To indicate the loss of ideological legitimacy of the regime to the favour of other Arab and Islamist ideologies, it is sufficient to explore the findings of a poll conducted by the prestigious Egyptian Ibn Khaldoun Center for Development Studies on the most popular figures in the Egyptian street in 2006. The poll found that the most Middle Eastern popular figures in Egypt were as follows: 1) Hassan Nasrallah of Hezbollah (82%), 2) Mahmoud Ahmadinejad of Iran (71%), 3) Khaled Mash’al of Hamas (60%), 4) Osama bin Laden of al-Qaida (60%), 5) Mahdi Akef of the MB (45%), 6) the Egyptian diplomat Amr Moussa of the Arab League (35%), 7) Marwan al-Bargouthi of Palestine (31%), the Islamic preacher Amr Khaled (30%), 9) the Egyptian opponent politician Ayman Nour (29%), and finally, the Egyptian-Qatari Islamist preacher Youssef al-Qaradawi (28%) (Al-Arab 2009; Elbaz 2006). Among the ten most Middle Eastern popular political figures in Egypt, only two Egyptians were in the list, with none from the government or pro-regime.
Finally, in this context, it could be argued that the personal traits of Mubarak and Gamal played an important role, after 2000, in diminishing the regime’s ideological legitimacy. Indeed, Mubarak’s public presence, especially after 2000, was perceived to be distant, formal and distinctly separate from the public. Mubarak made no genuine human connection with the people, and when thinking of him, one could only picture him attending state affairs and ceremonies (Osman 2011, p.183). Although he was reputed to be a fan of Egyptian folk music and squash matches, the Egyptian public was left at a loss when attempting to understand Mubarak’s character, emotions and thoughts due to his lack of public engagement in such activities (Osman 2011, p.183). Indeed, Mubarak was widely perceived to lack the statesmanship of Nasser and the charm of Sadat. However, he was exemplar in the realms of creating policies and implementing tasks (Osman, 2011, p. 180).

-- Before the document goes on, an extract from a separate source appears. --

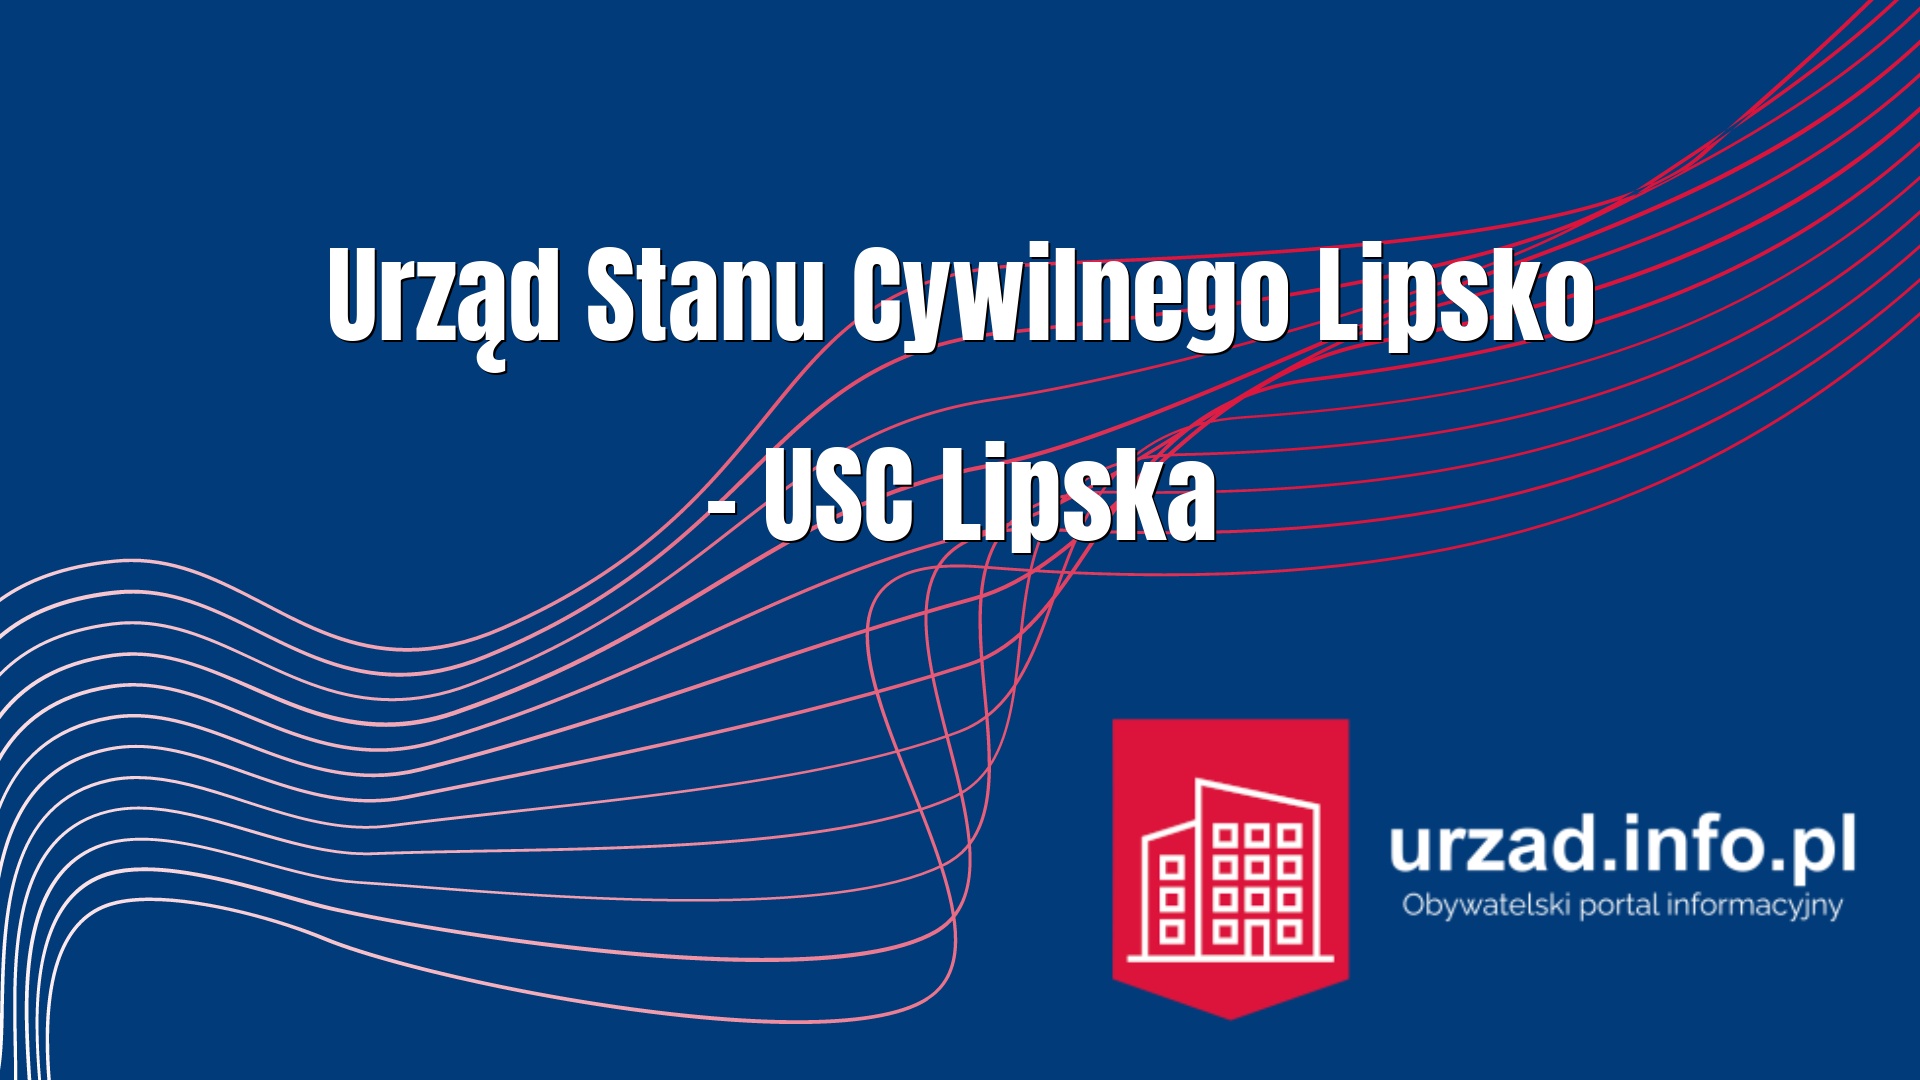 Urząd Stanu Cywilnego Lipsko – USC Lipska

Additionally, Gamal was perceived to be too British to the Egyptian taste. Unlike many people his age, Gamal had been raised as the son of a vice president and, eventually, president. Whilst many of his peers faced difficulties in employment, healthcare, housing, transportation, or education,, Gamal had enjoyed a privileged upbringing. He never positioned himself as a voice of the people, likely understanding that he and they had not shared a similar life experience. Indeed, Gamal presented himself as Western-oriented, somewhat patronising, elitist and aloof: attributes that do not tend to foster widespread public support (Osman 2011, pp.151–152). Furthermore, as Gamal was linked to liberal capitalism, he carried on his shoulders the unpopularity of this ideology in Egypt. Legitimacy was indeed an area of weakness of Egyptian liberal capitalism, a force that
failed to spread beyond the top tiers of society. Liberal capitalism held little weight with the general public compared to Arab nationalism and Islamism, with its lack of legitimacy being personified by Gamal himself. It is true that Gamal demonstrated extreme conscientiousness and solid leadership abilities through his position within the NDP. The younger Mubarak had political tenacity, intellect and drive, as demonstrated through his successful command of the party. However, compared to others of his position in the economic and financial sectors, Gamal’s lack of edge and confident charisma left him unpopular with much of normal Egyptian society (Osman, 2011, p. 151).
In sum, this lack of personal, ideological and institutional legitimacy of the regime made the eudaemonic legitimacy the last resort of the regime to hold itself together. However, the latter was doomed to fail the regime as a consequence of the neoliberal reform of the economy in the 2000s, leaving the regime almost void of any level of coherent legitimacy and vulnerable for collapse under the pressure of the first serious test it will face.